Da qualche anno il termine comunista ha assunto, nel linguaggio comune, una connotazione dispregiativa. Dichiararsi comunista, in alcuni ambienti, è un buon viatico per essere osservati, soppesati, assimilati ad un portatore di gravi patologie e, infine, messi in un angolino a riflettere su questa grave colpa. Un’altra parola che sta assumendo una connotazione paraoffensiva è “ moralista”: lo ha ben chiarito Giorgio Vittadini, leader di Comunione e Liberazione, definendo, con questo termine, la critica che il settimanale Famiglia Cristiana ha osato rivolgere a Berlusconi, reo di essere un portatore malsano di democrazia.
Vittadini ha liquidato il settimanale e, di conseguenza, le diverse centinaia di migliaia di lettori abituali attribuendo loro una visione moralista e vecchia della vita e della politica. Giusto per non lasciare dubbi ha anche aggiunto che una visione moderna, al contrario, parte dai desideri dell’uomo e si deve coniugare e, politicamente, appoggiare ad una politica che di questi desideri si faccia espressione.
Non specifica, Vittadini, quali siano i desideri, origine del cambiamento, che la politica dovrebbe invogliare ma, spiega, di sicuro rinchiudere i desideri entro uno schema moralistico (come pare faccia Famiglia Cristiana ) significa negare il cambiamento stesso.
E se anche la richiesta di moralità, negli affari, nella politica, nella vita quotidiana rappresentasse un desiderio? Questo aspetto, Vittadini, lo trascura anche se non può negare che svariati milioni di cittadini desiderino questo. Ma, indirettamente, ci dice che chi ha questo tipo di desiderio è un moralista e rappresenta il “ vecchio”.
Visione moderna e visione conservatrice, peggio ancora “ vecchia”, si fronteggiano: la prima è chiaramente positiva mentre la seconda sa di muffa, quasi di rancido.

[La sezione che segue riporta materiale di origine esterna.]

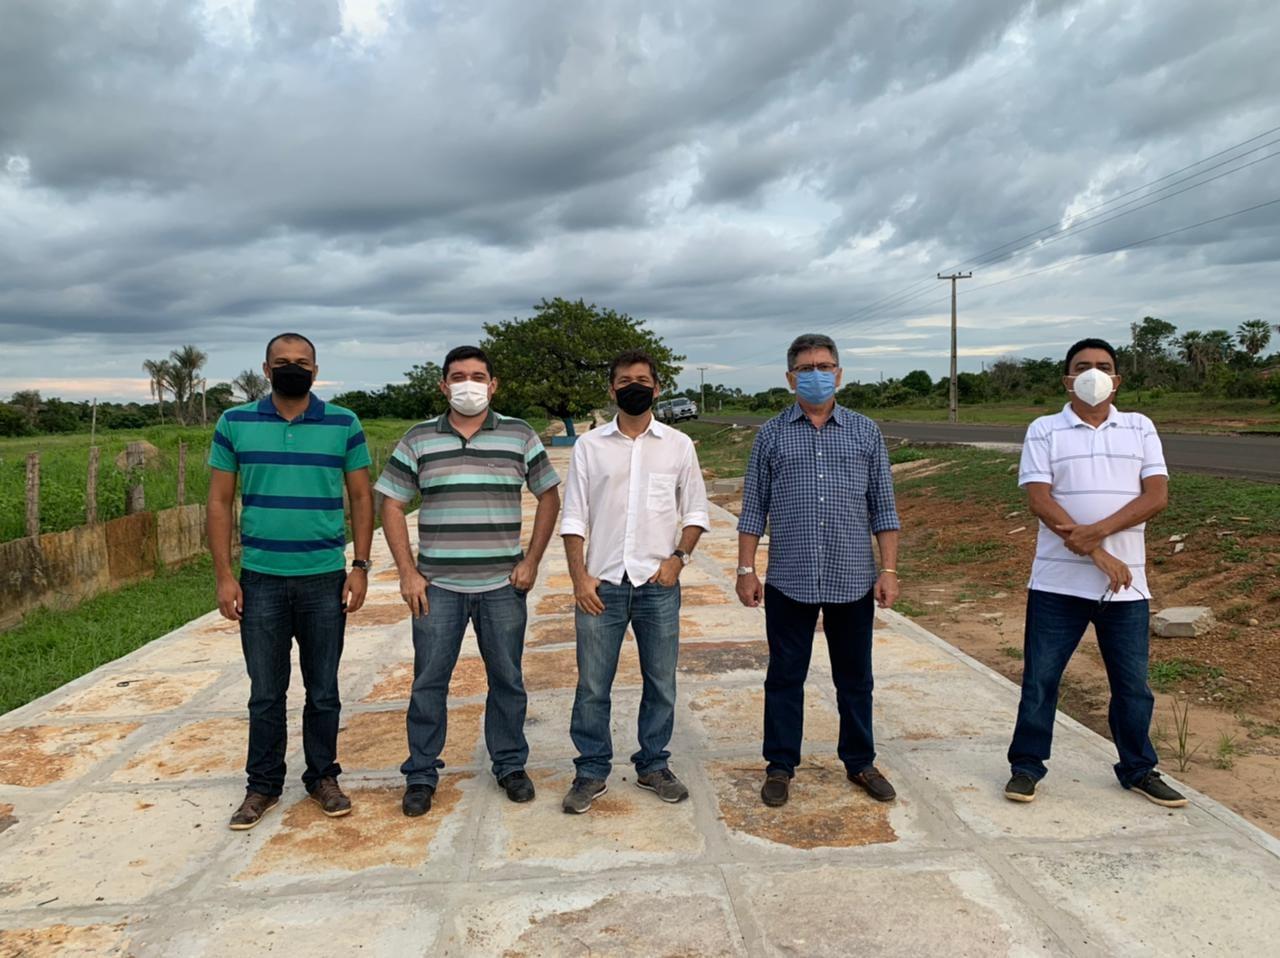 Prefeitura de Coivaras investe na construção de uma Pista de Cooper na entrada da cidade - Imagem 1

Bisognerebbe capire che quoziente di modernità la visione di Comunione e Liberazione reca con sé: la cosa non è semplice. A giudicare dalla occupazione di posti e ruoli pubblici che nella regione di Vittadini sono preda della organizzazione che lui dirige, tutta questa modernità non si nota. Più che moderno sapora di modernariato.
Se poi prendiamo i temi etici e i diritti civili i seguaci di Don Giussani sono saldamente ancorati su un fondamentalismo arcaico che fanno dell’Italia uno dei paesi più arretrati: antiquari dell’etica e del riconoscimento di altrui libertà, incapaci solo di farfugliare la parola cambiamento.
In buona sostanza pare che il cambiamento, nella migliore tradizione italiana, che interessa sia quello che possa dare ancora più potere a Comunione e Liberazione. Il cosidetto cambiamento della istruzione nella misura n cui regala soldi alle scuole cattoliche o il cambiamento della sussidiarietà, che camuffa il concetto di clientele. Clientele nel welfare, clientele nella progettazione sociale, clientele nell’assistenza.
Ergo chi denuncia questa situazione, rebus sic stantibus, diventa un vecchio moralista: e va denigrato.